Estonia: The little country that could!


Being a libertarian, I am always fascinated by the progress achieved by Estonia by transforming its its economy from a centrally planned structure under Soviet Communism to a free market economy. Estonia is currently the 41st country among the countries with the highest per capita income. It has rose from oblivion to recognition for its economic freedom,its adaptation of new technologies along with being one of the world's fastest growing economies for several years.

I was scanning through the Wikipedia and found these facts about Estonia, maybe we could learn something from her. Maybe, we (Nepal) could be a little hopeful about breaking this vicious circle of poverty.

In August 1940, Estonia was illegally annexed by the Soviet Union as the Estonian SSR. The provisions in the Estonian constitution requiring a popular referendum to decide on joining a supra-national body were ignored.

TheEstonian Sovereignty Declaration was issued on November 16, 1989 and formal independence declared on 20 August 1991, reconstituting the pre-1940 state, during theSpviet military coup attempt in Moscow. The first country to diplomatically recognize Estonia's reclaimed independence was Iceland. The last Russian troops left on 31 August 1994.

In 1994, Estonia became one of the first countries in the world to adopt a flat tax, with a uniform rate of 26% regardless of personal income.

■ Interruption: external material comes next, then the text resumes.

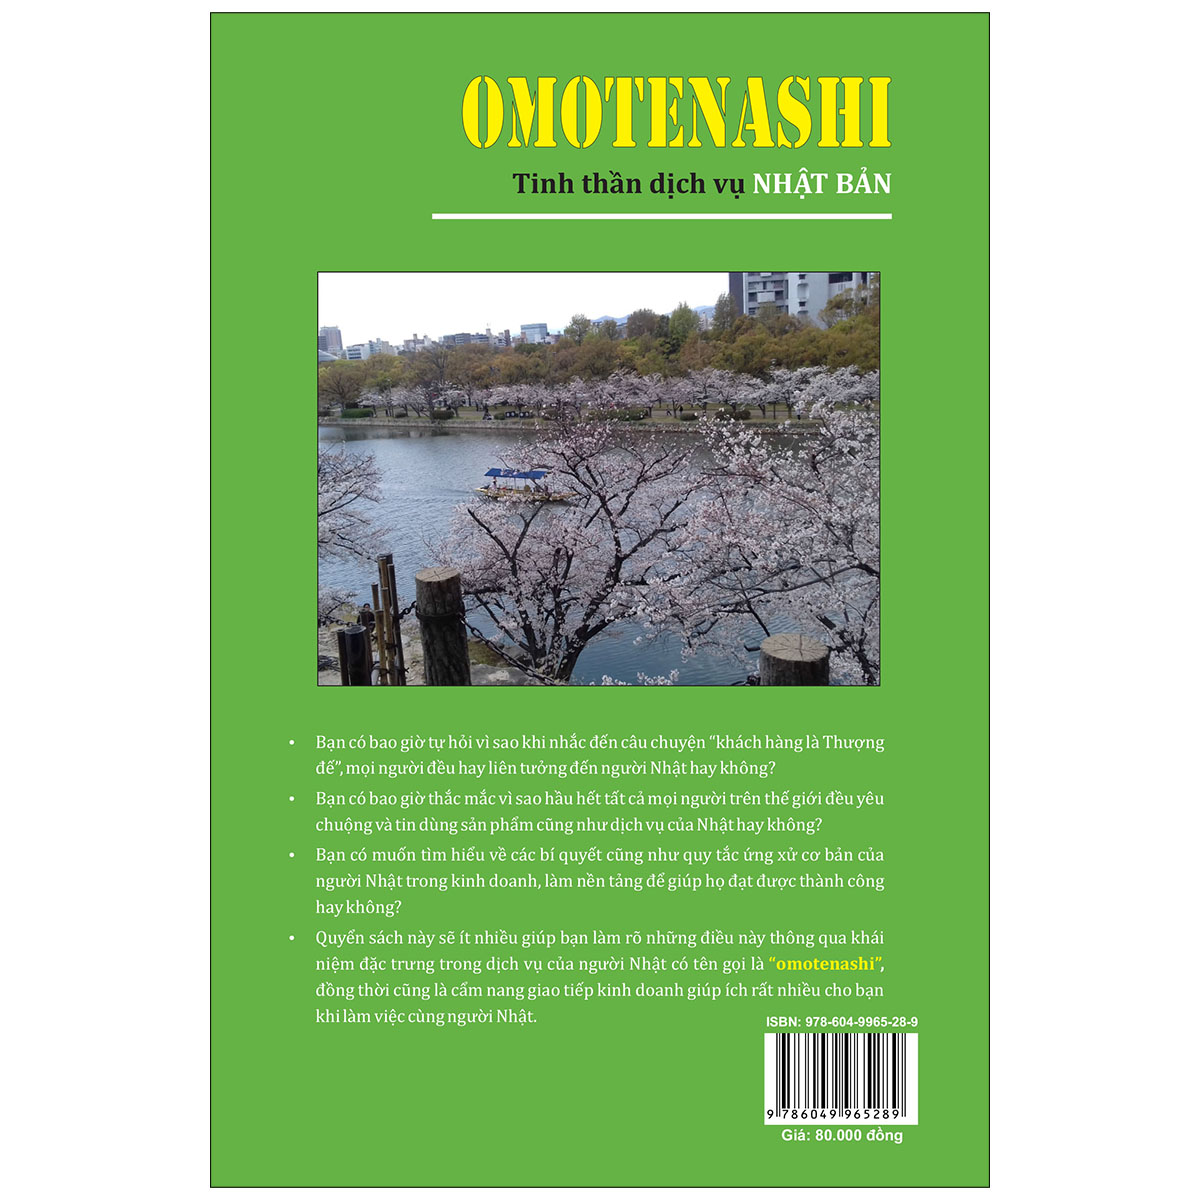 Omotenashi -  Tinh Thần Dịch Vụ Nhật Bản - Cẩm Nang Giao Tiếp Kinh Doanh Với Người Nhật

In January 2005 the personal income tax rate was reduced to 24%. A subsequent reduction to 23% followed in January 2006. The income tax rate will be decreased by 1% annually to reach 18% by January 2010.

A balanced budget, almost non-existent public debt, flat-rate income tax, free trade regime, fully convertible currency backed by currency board and a strong peg to the euro, competitive commercial banking sector, hospitable environment for foreign investment, innovative e-Services and even mobile-based services are all hallmarks of Estonia's free-market-based economy.

Estonia Ranks 22nd in the index of Civil and Political Liberties.

Although Estonia is in general resource-poor, the land still offers a large variety of smaller resources.

The Estonian energy market liberalization is in progress and should be completed before 2009, as well as all of the non-household market, which totals around 77% of consumption, before 2013.